The game started looking like this:

Word Chain Game Screen Day 3

And ended looking like this:

Word Chain Game Screen Day 4

I was concentrating on polishing up the turns system and giving more feedback. At the start, the only thing that alerted a player that it was there turn was when their screen showed the controls. If they weren’t watching their screen and hadn’t been paying attention to the turn order they would not know it was their turn. I added a highlighted border around the scoreline of the player whose turn it is and a sound that plays on their phone. This sound automatically worked even when my phone’s screen was turned off so I am very happy about that. I wish I could make their phone vibrate as well but I could not find an easy way of triggering that via Javascript.

The score lines are all dynamically generated html elements. I spent a while trying to make it so that when a player’s turn starts, the class of the element is set to a predefined class in the CSS file.That way if I wanted to redesign what the highlighted scoreline looked like I would just change a CSS file and not any code. I am disappointed that I could not get it to work and did end up having to write all the highlighting style in code.

The sound was taken from JumpJump but it is not just a simple sound file. It is an array of data that is used to dynamically generate the sound.

var sounds = {
coin: { jsfx: ["square",0.0000,0.4000,0.0000,0.0240,0.4080,0.3480,20.0000,909.0000,2400.0000,0.0000,0.0000,0.0000,0.0100,0.0003,0.0000,0.2540,0.1090,0.0000,0.0000,0.0000,0.0000,0.0000,1.0000,0.0000,0.0000,0.0000,0.0000], },
};
g_audioManager = new AudioManager(sounds);

The library being used is jsfx, a Javascript library inspired by sfxr. It has a sound generator interface very similar to sfxr that output the array of data. All this means you don’t have to package up any audio files with your game and you get interesting retro sounding effects.
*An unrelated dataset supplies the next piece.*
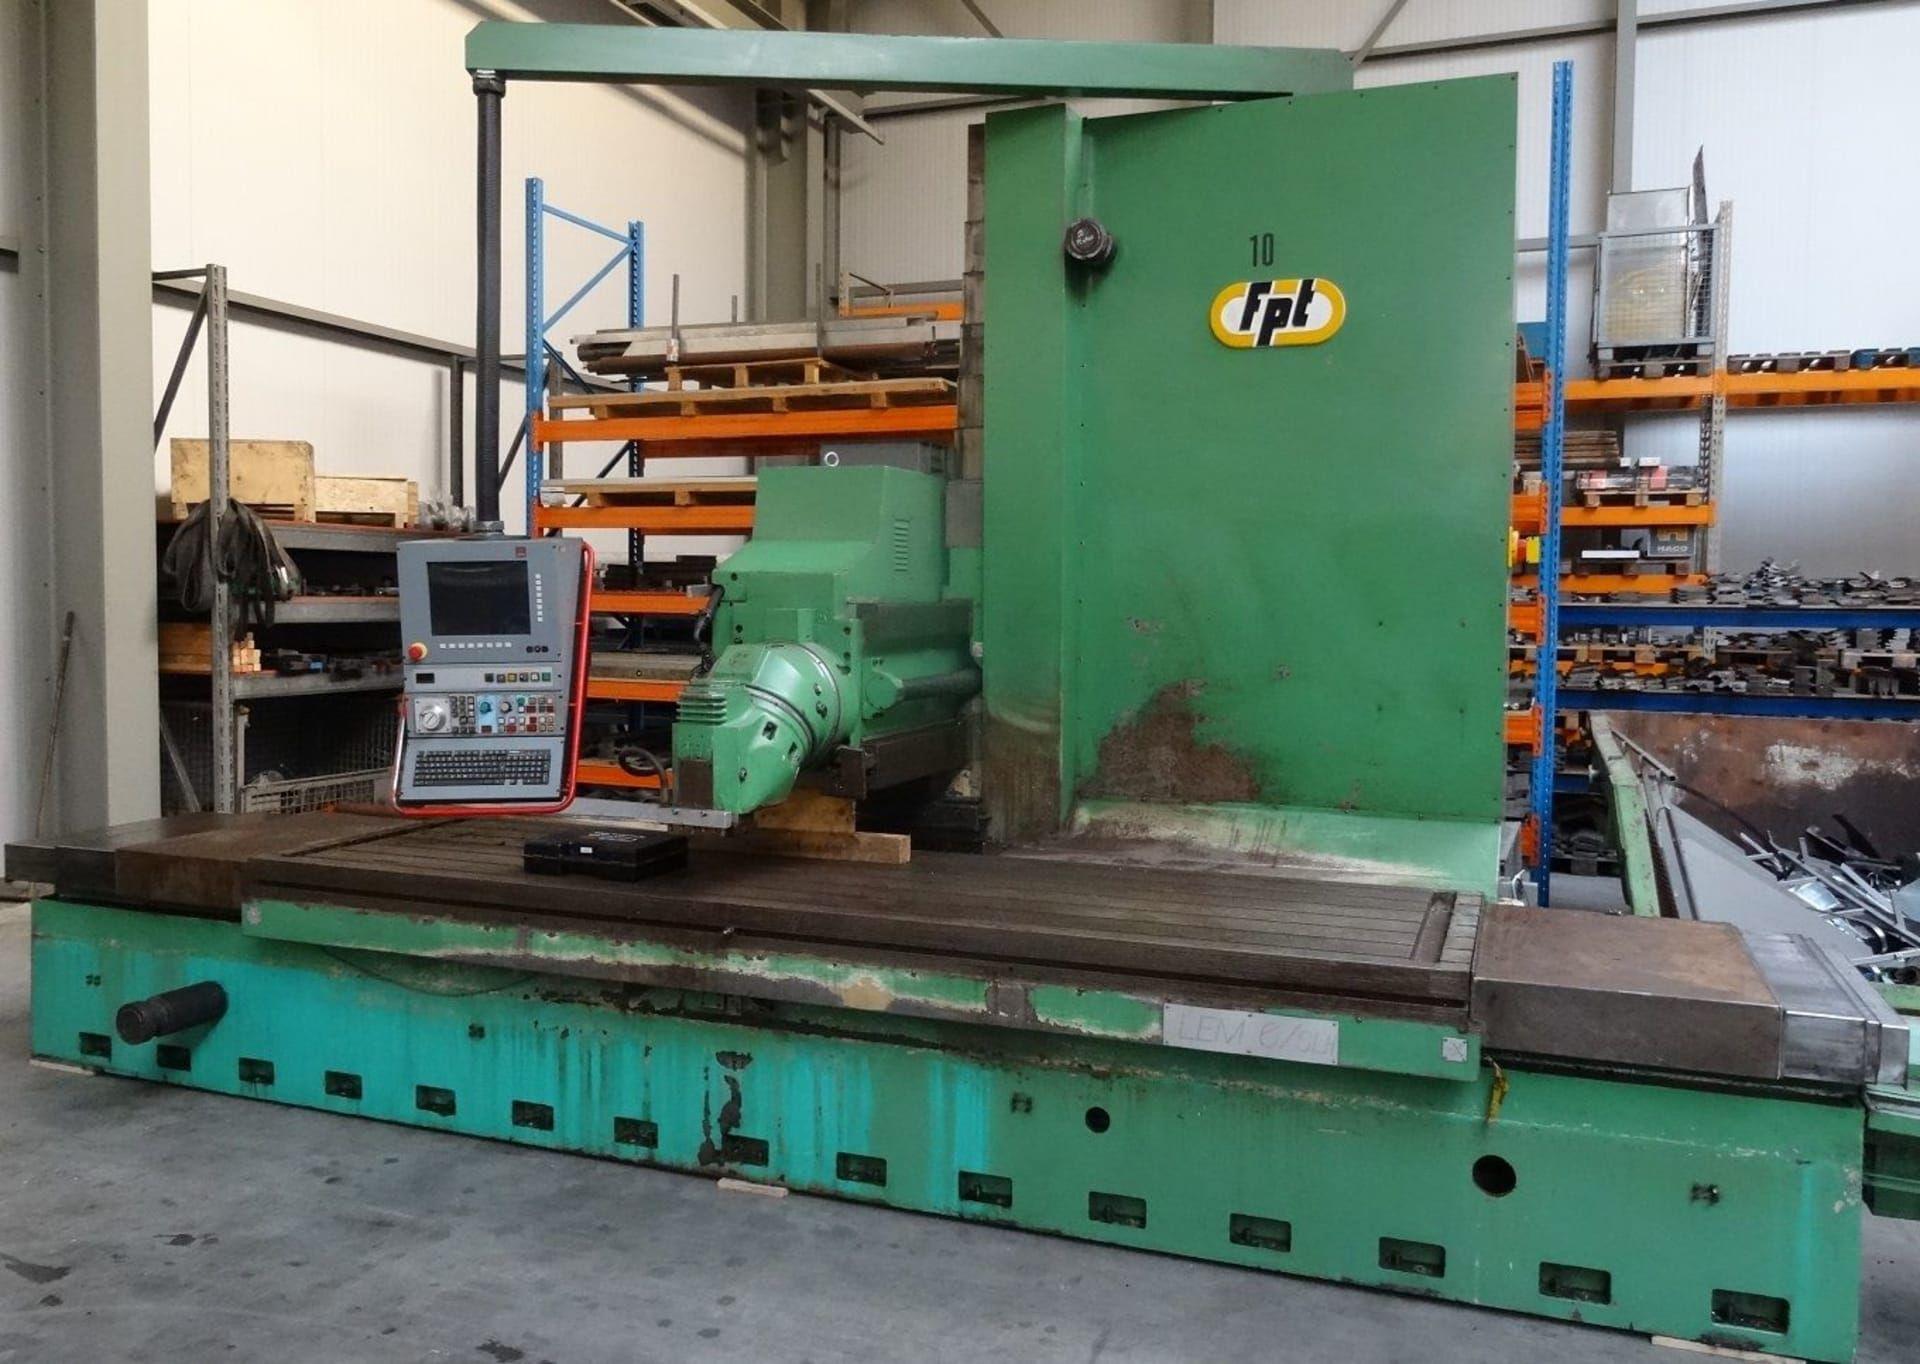 FPT LEM 6 SLH CNC CNC Fräsmaschine

It will be a while until I work on this again. Today was my first day back at NetherRealm and I will only have time to work on one side project. I will be working on Train and we’re hoping to have it finished by December. If I ever get time to work on this again, I will be working on a back end script that takes in pairs of words, processes a graph of those pairs and then outputs word chains to a json file. That way I won’t know all the chains beforehand and I’ll actually have fun playing the game!

Word Chain Dev Log #3

This is a continuation of a previous post.

I took a break yesterday. I ended up playing a bunch of Crusader Kings 2, watching Guardians of the Galaxy with my parents and then watching some late night tv for the first time in a long while.

At the start of today the game looked like this:

Word Chain Game Screen Day 2

And at the end of today it looked like this:

Word Chain Game Screen Day 3

I redid how colors were being assigned to players. In JumpJump it is a set of hsv offsets from the image that is used as the avatar. I changed it to be rgb colors that can be easily used as css values. I use the colors to set the player’s controller background and the color of the text in the scoreline.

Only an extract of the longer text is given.